Fidelity Investments has been knocked from its top slot as the number one distributor and mutual fund provider by a decline in the number of investors using 401(k) plans, increasing unemployment and an aging population.
This week Cogent Research released its 2010 Investor Brandscape report, a self-reported survey of 4,000 affluent and high net worth investors in the United States who revealed their perceptions about distributors and mutual funds. Based on the report, Fidelity fell to number two behind Charles Schwab in the top ten distributor rankings, and number two behind Vanguard in the top ten mutual fund rankings. The report is based on a representative survey of 4,000 affluent and high net-worth investors in the United States.
Part of the challenge for Fidelity is that for the first time ever, affluent investors are reporting having more dollars allocated to individual retirement accounts than to employer-sponsored retirement plans.
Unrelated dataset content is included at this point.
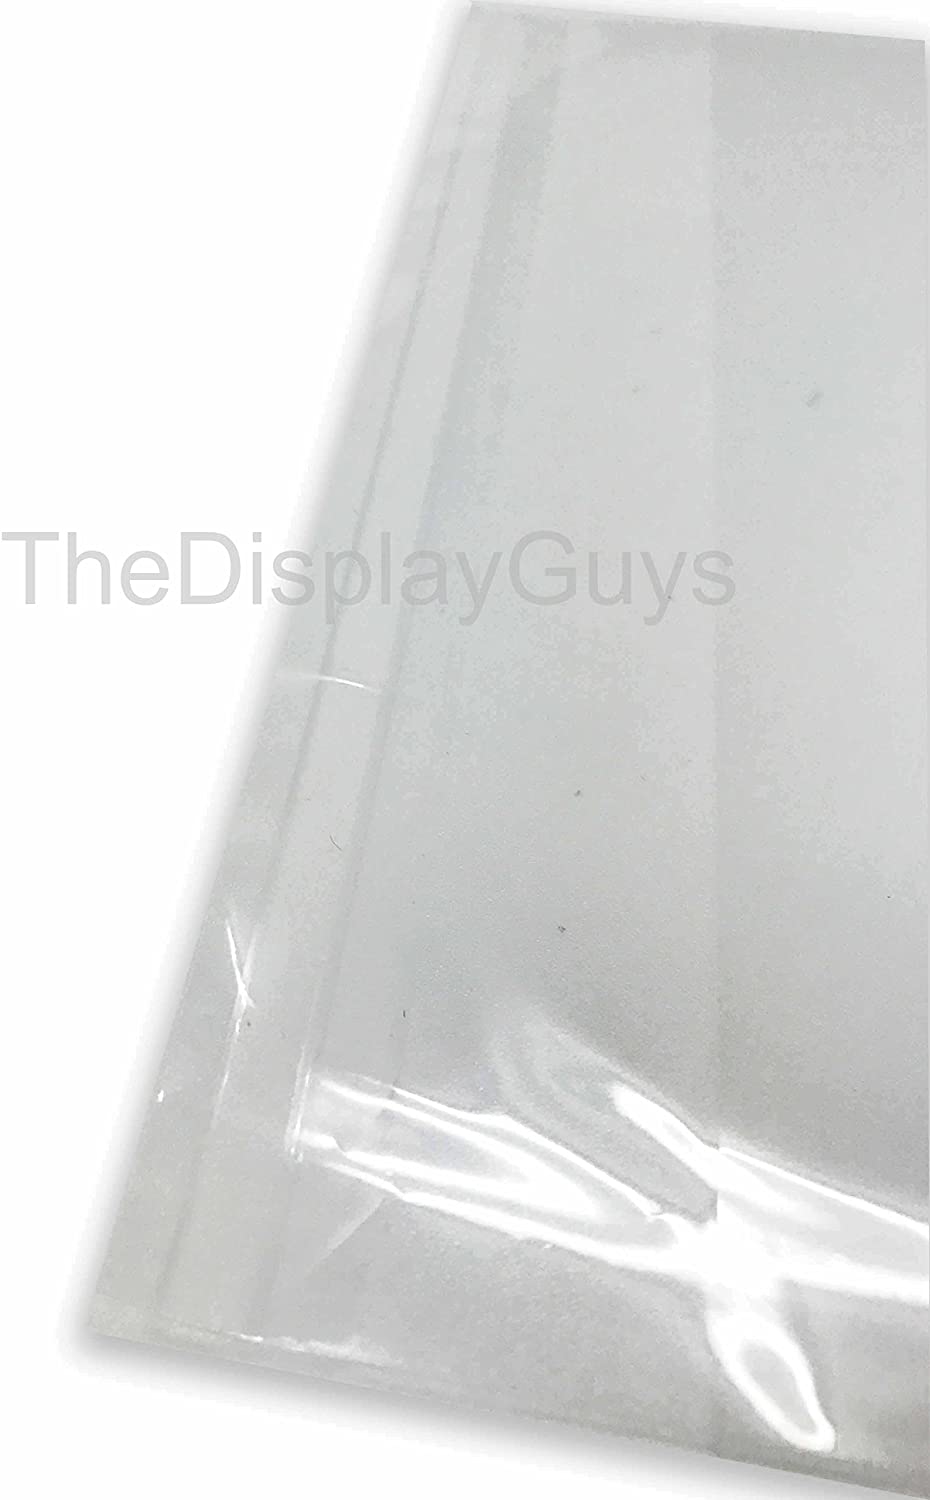 Blue Plexiglass Mirror Sheets 4x6 Foot Acrylic Panel Adhesive

Meredith Lloyd Rice, an author of the report, said in a phone interview on Thursday that 40% of Fidelity’s mutual fund customers hold those funds through employee-sponsored retirement plans. That is proving to be a disadvantage to Fidelity if participation in those plans decrease. In the meantime, 30% of rival Vanguard’s mutual fund customers invest in those funds through employee-sponsored retirement plans, while only 14% of Charles Schwab mutual fund customers invest through employee-sponsored retirement plans.